Внезапно чей-то мощный голос покрыл шум и крик. Бэк, Баркер и король содрогнулись — им показалось, что голос этот звучит с неба; но самое жуткое в нем было то, что он был знаком им и в то же время бесконечно чужд и далек.
— Зажгите фонари, — произнес он. Смутный ропот был ему ответом.
— Именем Ноттинг-Хилла и Великого городского совета— зажгите фонари!
Снова раздался ропот. Толпа мгновение колебалась, а мотом яркий свет внезапно залил улицу, гоня тьму Подняв головы, они увидели на балконе под крышей одного из самых высоких домов Адама Вэйна; его красные волосы, кое-где прорезанные серебряными нитями, развевались по ветру.
— Что это такое, народ мой? — заговорил он, — Неужели же нельзя создать ничего хорошего, ничего великого, чтобы вы не захотели тотчас же опошлить, загадить его. Я долгие годы сидел у камина, грезя о лучезарной славе Ноттинг-Хилла, добывшего себе независимость, и все не мог упиться ею. Неужели же вам ее недостаточно — вам, у кого есть такое множество иных поводов для радости и скорби? Ноттинг-Хилл стал нацией. К чему ему огтускаться до уровня простой империи? Вы хотите свергнуть памятник генералу Вилсону, который бейзуотерцы по заслугам воздвигли ему на Вестбоурн-гров? Безумцы!

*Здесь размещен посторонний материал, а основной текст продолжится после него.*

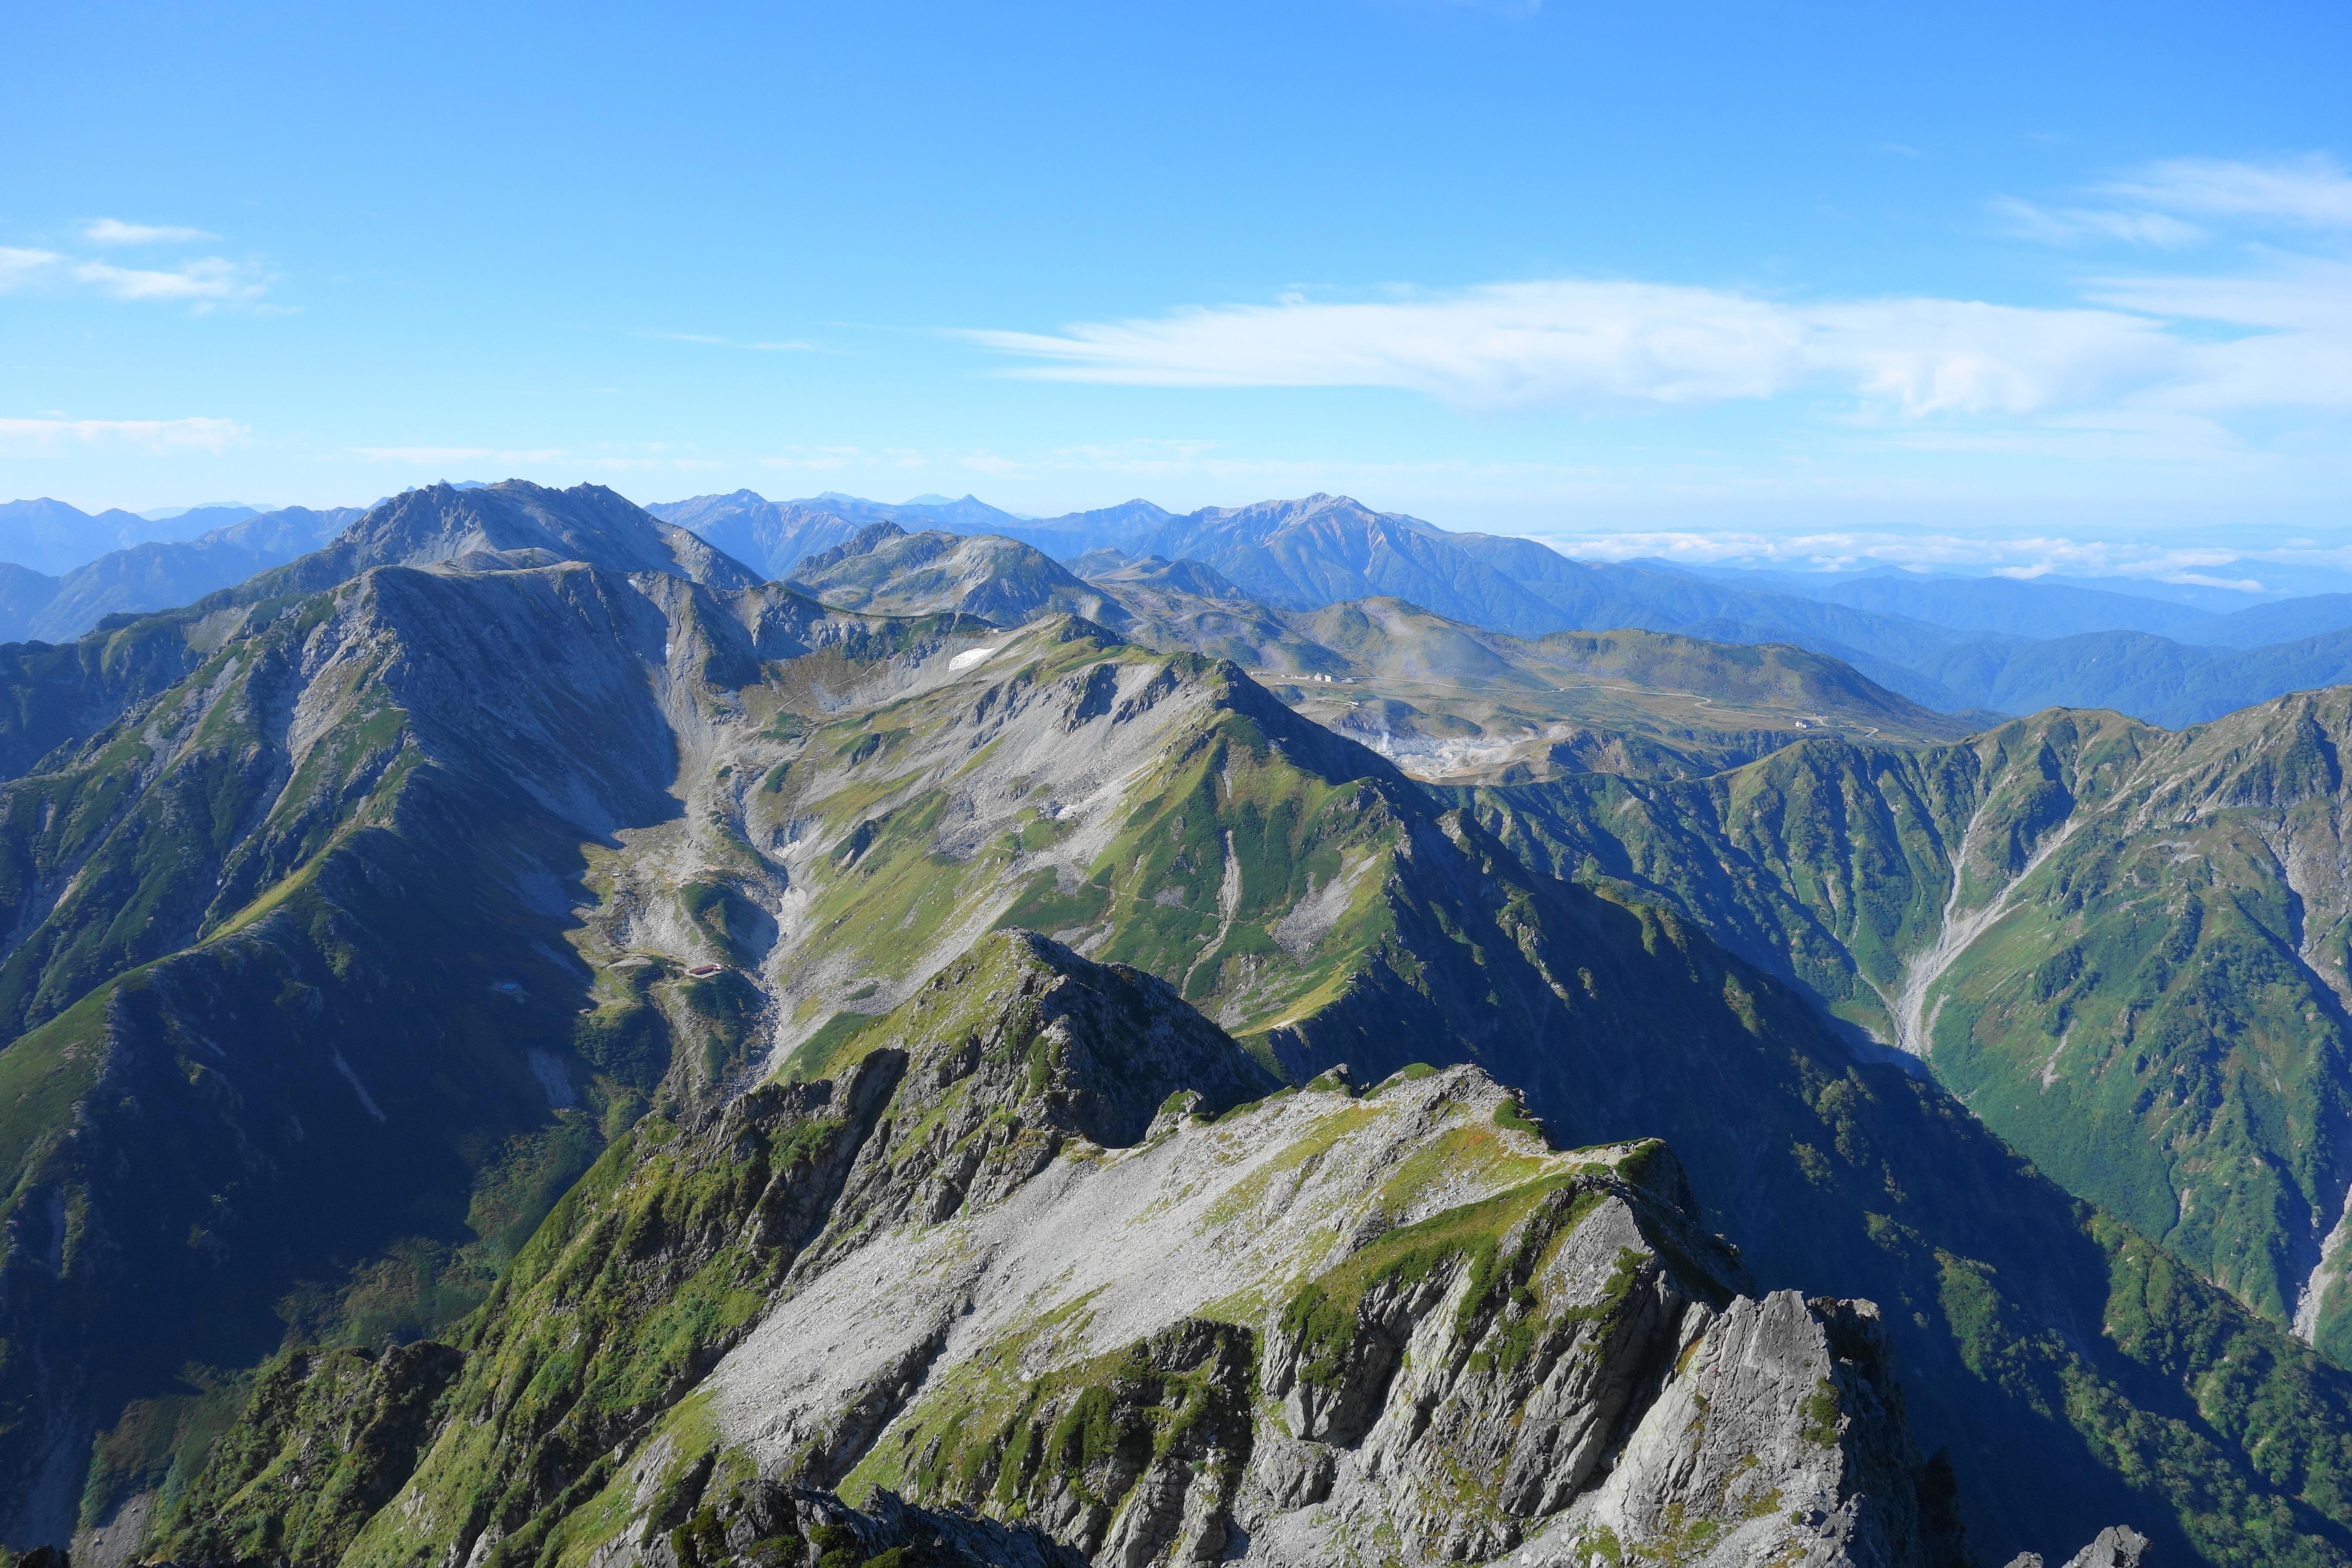 DSC01374剱岳山頂から室堂.JPG
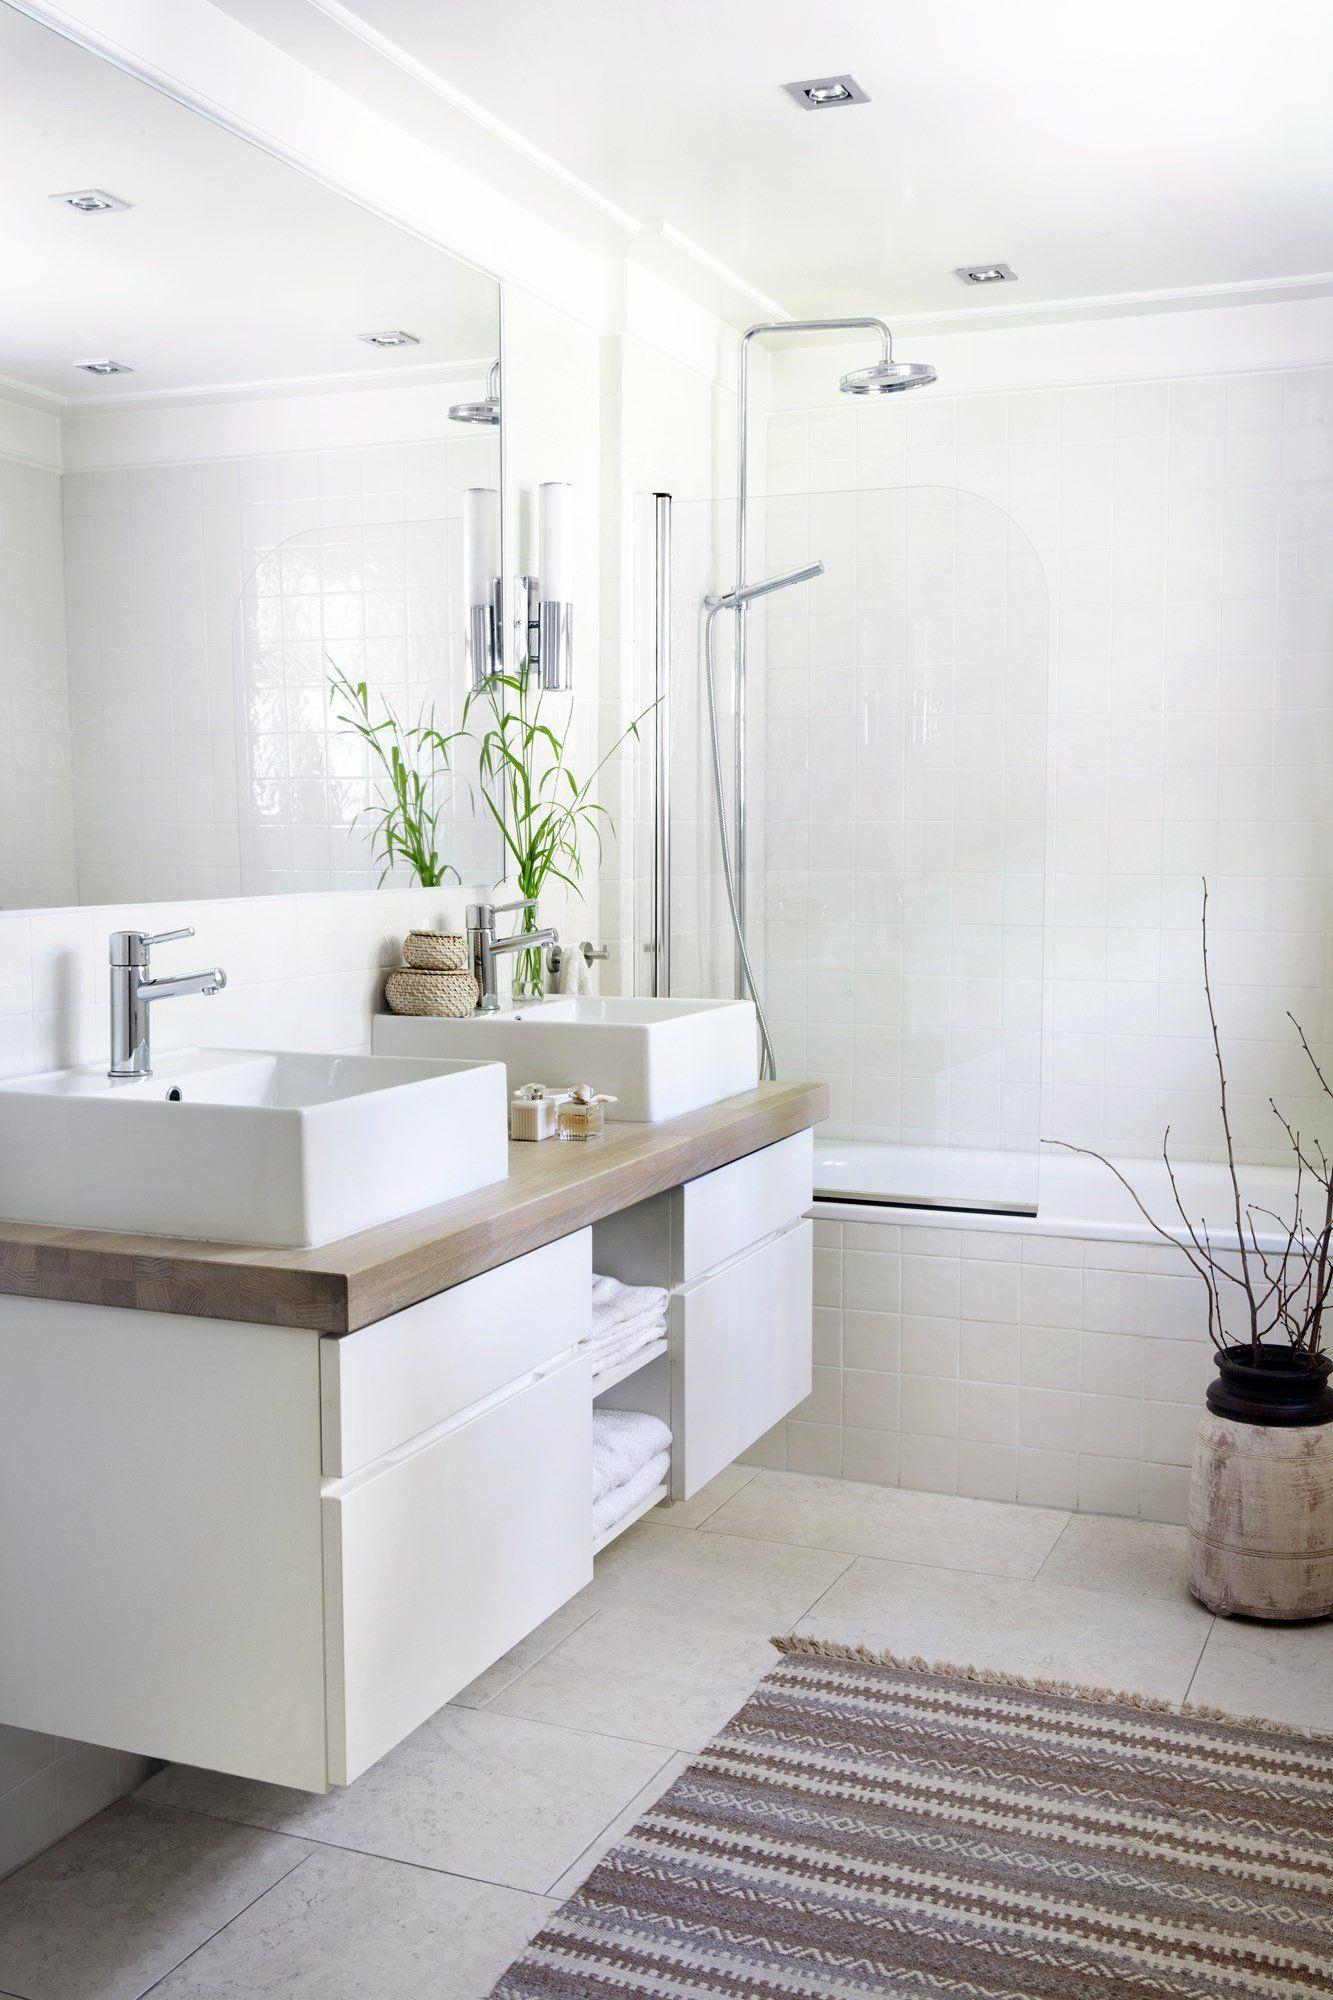 wooden worktop, stone floor, rug and plant | Dream bathrooms ...

Кто воздвиг этот памятник? Бейзуотерцы? О нет! Ноттинг-Хилл воздвиг его! Неужели вы не понимаете, в чем величайшее наше достижение? Не в том ли, что мы заразили все города идеализмом Ноттинг-Хилла? Мы создали не только одну сторону медали, мы создали обе стороны ее. О вы, безумные рабы! Для чего хотите вы уничтожить ваших врагов? Вы сделали нечто значительно большее. Вы создали наших врагов! Вы хотите свергнуть гигантский серебряный молот, возвышающийся подобно обелиску в центре Хэммерсмита? Безумцы! До того, как возник Ноттинг-Хилл, разве думал кто-нибудь, что в центре Хэммерсмита будет возвышаться гигантский серебряный молот? Вы хотите уничтожить исполинскую бронзовую фигуру рыцаря, венчающую Нейтбридж? Безумцы! Кто думал о ней до того, как возник Ноттинг-Хилл? Более того, я слышал — о, с какой глубокой болью душевной! — что завистливые очи вашего империализма обратились на запад — туда, в далекую даль, где вздымается огромный черный ворон, увенчанный короной, ворон, свидетельствующий о достопамятной стычке в Рэвенскоурт-парке. Кто создал все эти памятники? Где они были до нас? Неужели вы не хотите удовольствоваться уделом, которым удовольствовались Афины и Назарет? Неужели вам недостаточно быть создателями нового мира? Разве были Афины недовольны тем, что римляне и флорентийцы заимствовали их фразеологию для выражения собственных своих патриотических чувств? Разве был Назарет недоволен тем, что он — ничтожная деревушка — стал прообразом всех ничтожных деревушек, из которых, как утверждают снобы, не может быть ничего хорошего? Разве Афины приставали к кому-нибудь с просьбой носить хламиду? Разве последователям назареянина было предписано носить тюрбаны? Нет! Но душа Афин распространилась по миру и научила людей пить цикуту, а душа Назарета распространилась по миру и научила людей безропотно идти на Голгофу. И так же распространилась по миру душа Ноттинг-Хилла и научила людей понимать, что значит «жить в городе». Ноттинг-Хилл научил мир чтить древние символы, обряды и традиции. А вы — не сошли ли вы с ума, что ополчаетесь на них? Ноттинг-Хилл прав. Он всегда был прав. Он сам вылепил, он сам создал себя. Он собственное свое sine qua non. Он создал себя, потому что он нация; и потому, что он нация, он может уничтожить себя. Ноттинг-Хилл всегда будет сам себе судьей. И если вы хотите объявить войну Бейзуотеру…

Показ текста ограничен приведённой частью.